When plain Python is enough
Strands' philosophy is closest to plain Python of any major framework — the loop is implicit, tools are decorated functions, the SDK gets out of the way. If you're not on AWS and not using AgentCore, the value-add over a hand-written 60-line agent is small: you're saving ~20 lines of tool-schema generation and an inspect-based decorator.
For learning, plain Python wins because you see the loop happen. For non-AWS production, plain Python plus a small tool() helper gets you to the same place with one fewer dependency to track. Reach for Strands when AWS Bedrock AgentCore deploy + MCP-first design is the goal — not before.

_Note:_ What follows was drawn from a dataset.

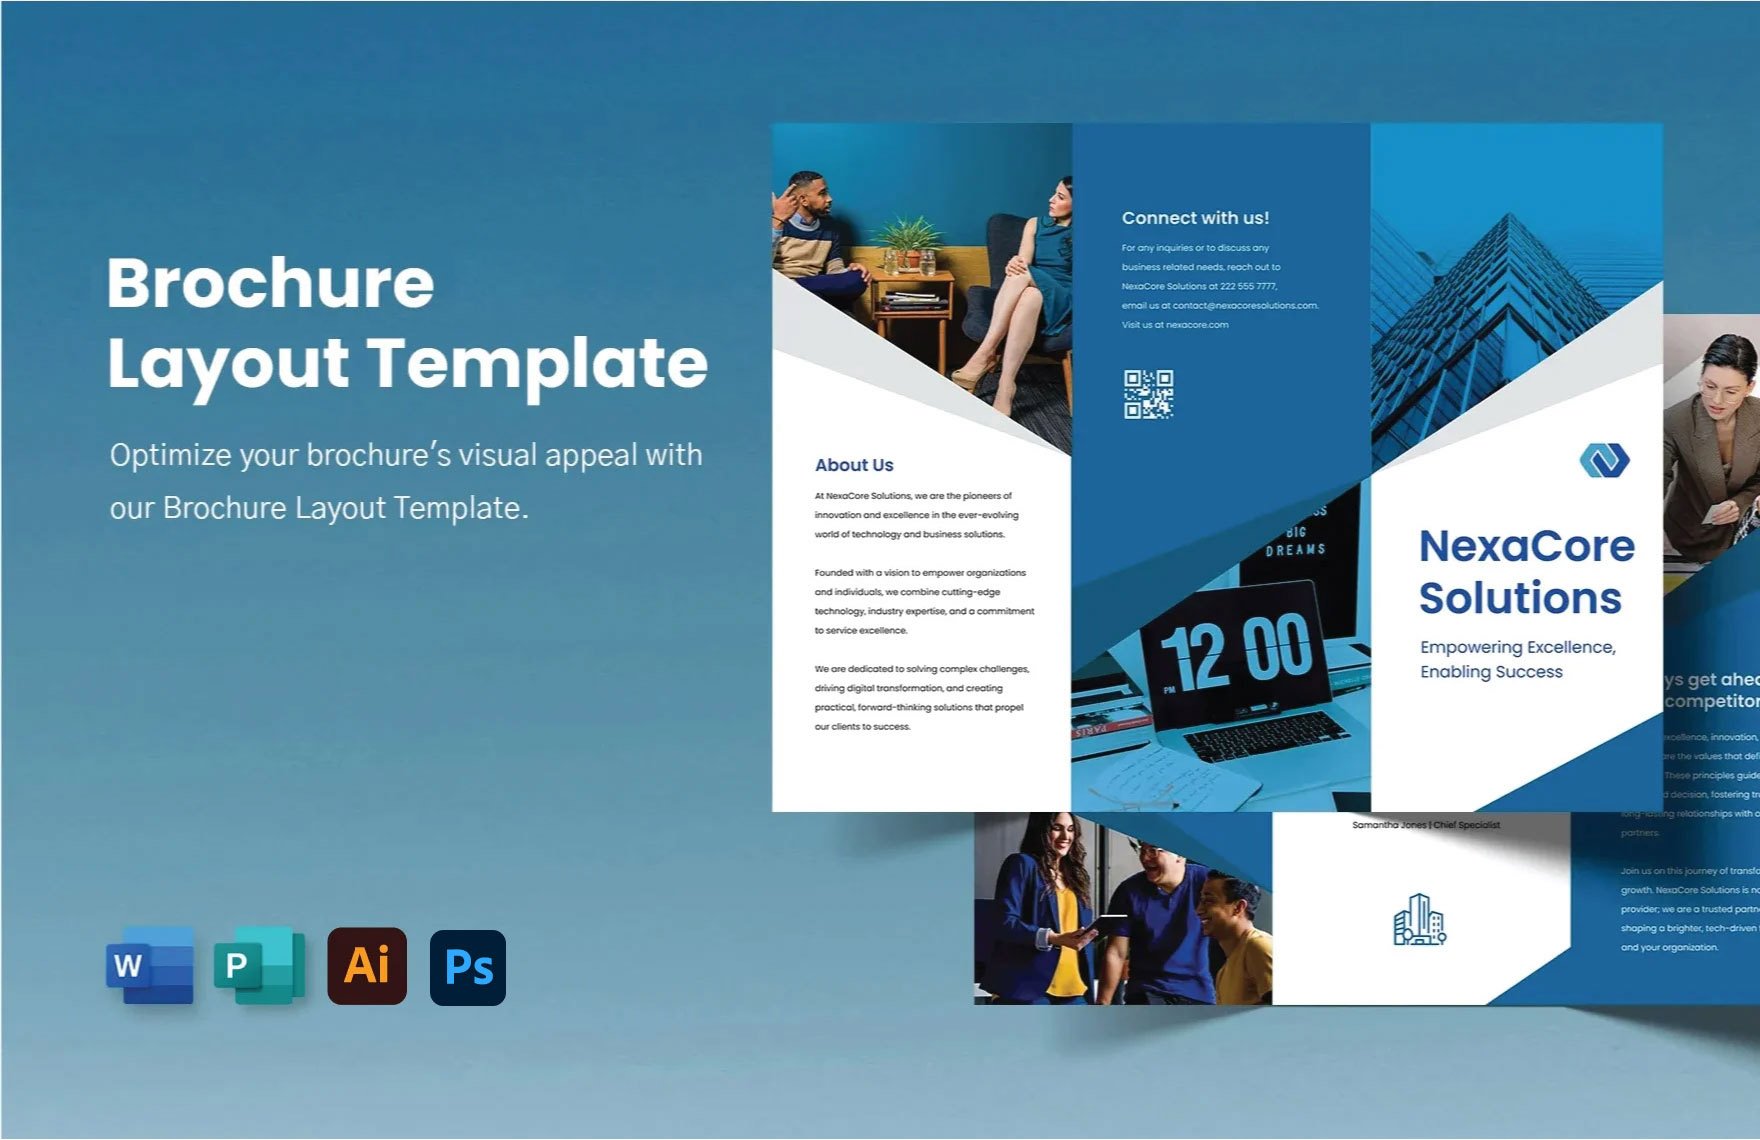 Free Brochure Layout Template in Word, Illustrator, PSD, Publisher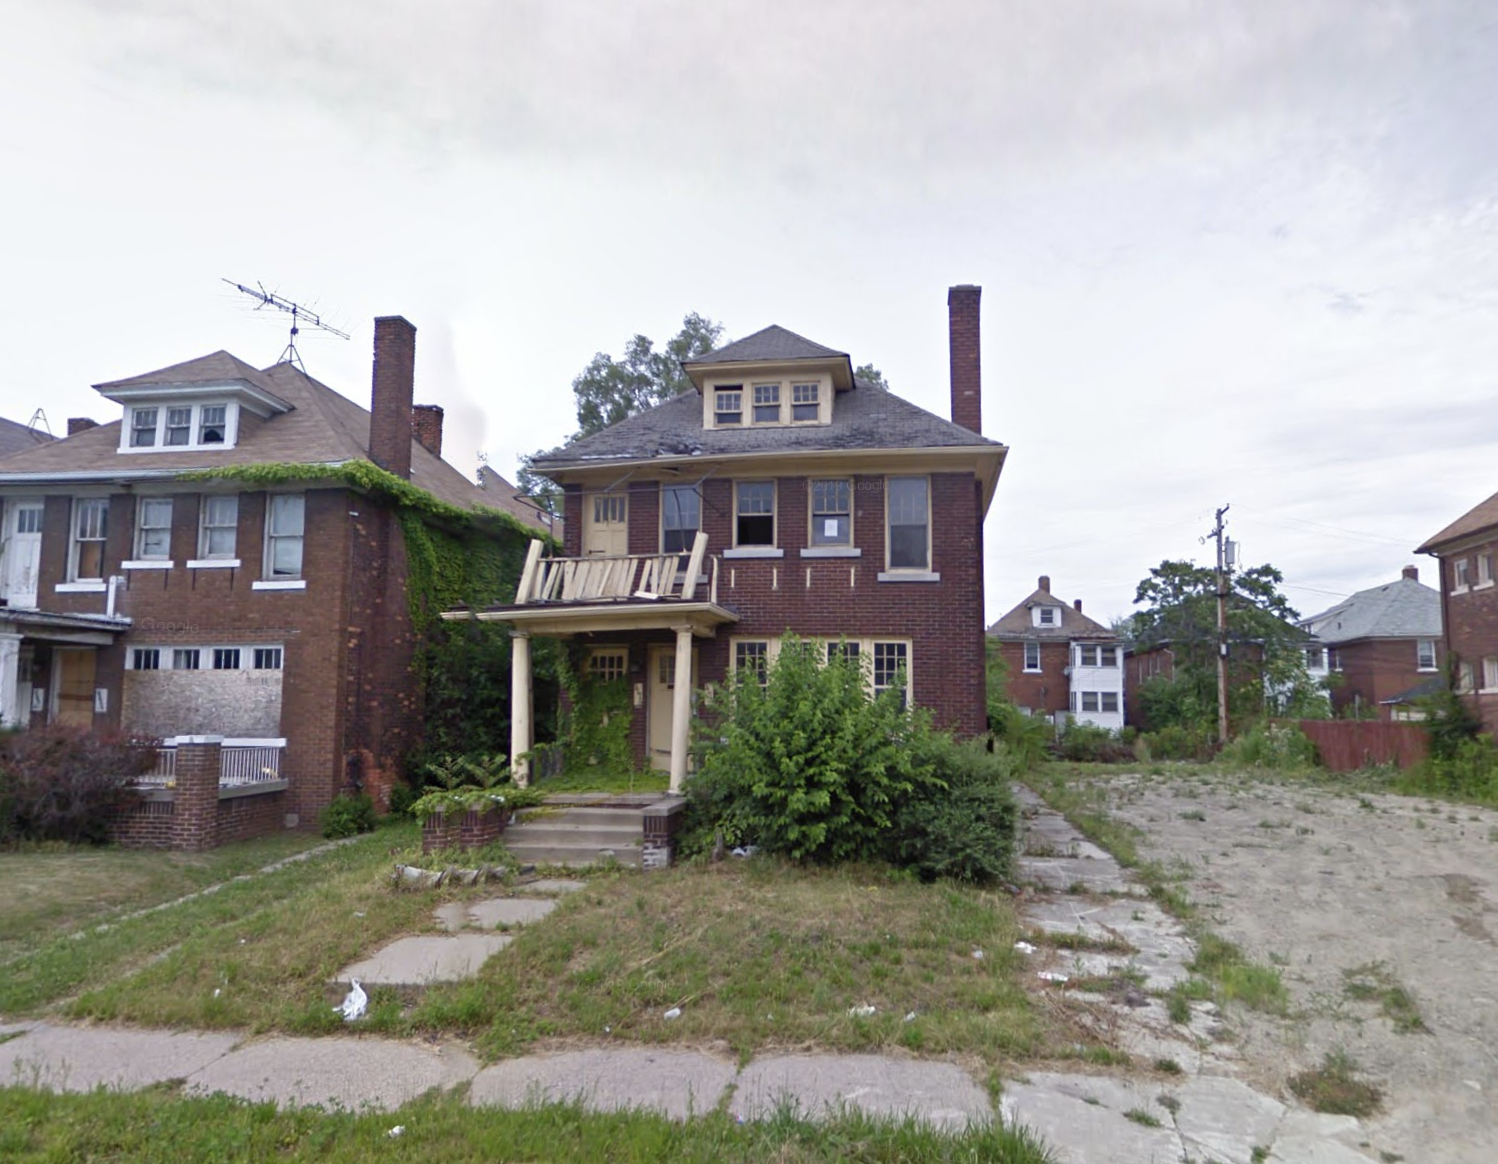 A two story brick home. There’s a large untended bush outside the front windows and a wobbly porch overhang.

Frequently asked questions
What is AWS Strands Agents?
AWS Strands Agents is a lightweight, model-driven Python SDK for building agents, released by AWS in May 2025 under Apache-2.0. It provides an Agent class, @tool decorator, native MCP server/client support, multi-agent primitives (Graph, Swarm, agents-as-tools), and pairs with AWS Bedrock AgentCore for hosted deployment, identity, and observability.
How is AWS Strands different from LangChain?
Strands is model-driven — the model decides when to call tools and when to stop, and the SDK gets out of the way. LangChain has explicit AgentExecutor orchestration and a much larger integration catalog. Strands ships first-class MCP support and pairs natively with Bedrock AgentCore for AWS deployment. Choose Strands for AWS-deployed, MCP-centric agents; choose LangChain for broader integrations.
Do I need AWS Strands to build agents on AWS?
No. Plain Python with a `fetch` to Bedrock's API works the same way. Strands removes ~20 lines of tool-schema boilerplate and adds first-class MCP support and tight Bedrock AgentCore integration. Use it when those things matter; skip it when they don't.